I am brand new to WEKA and ML, so please excuse my ignorance with the following. I've wasted several hours trying to figure it out, so hopefully someone could point me in the right direction:

I am trying to run a J48 decision tree on data for USDJPY. The data was loaded via .csv file and the class value is of nominal type, more specifically a value of TRUE or FALSE if USDJPY was trading more than 1% higher after 20 sessions. The problem is, When I run the algorithm, the decision tree is simply using the class value to solve the problem, which is useless.

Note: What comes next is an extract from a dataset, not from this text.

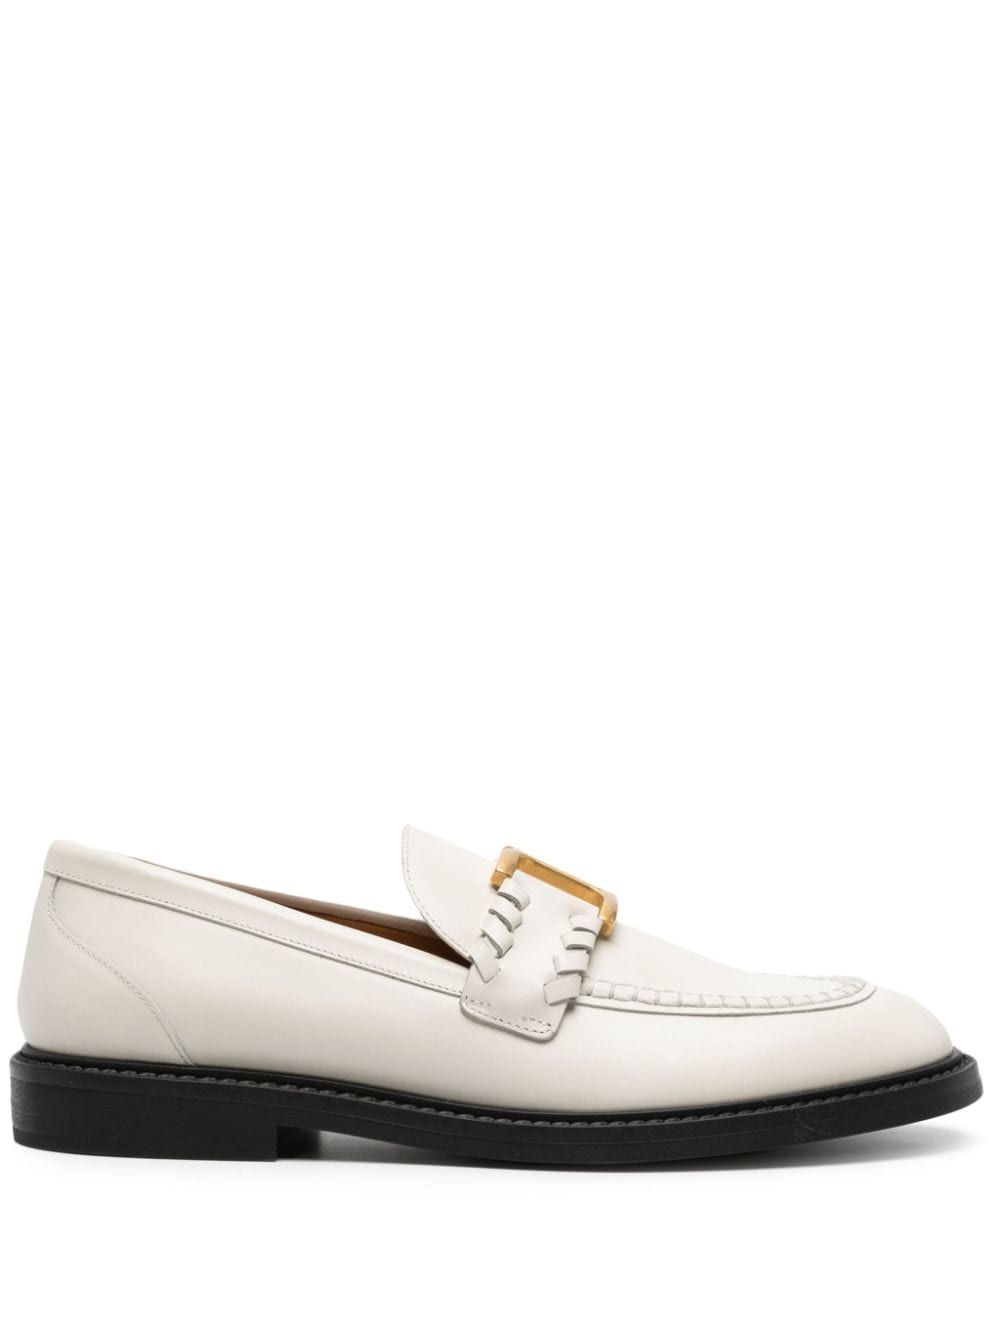 Chloé Marcie embellished leather loafers - White von Chloé

There are *22 attributes other than the class attribute from which I am looking to predict the class attribute.

When comparing my dataset to the example "glass" dataset, I cannot find any difference between the two that would explain my problem. "glass.arff" works as expected when I run J48 (with identical settings) by trying to predict the class value (type of glass) via the other attributes (ie it gets some guesses wrong).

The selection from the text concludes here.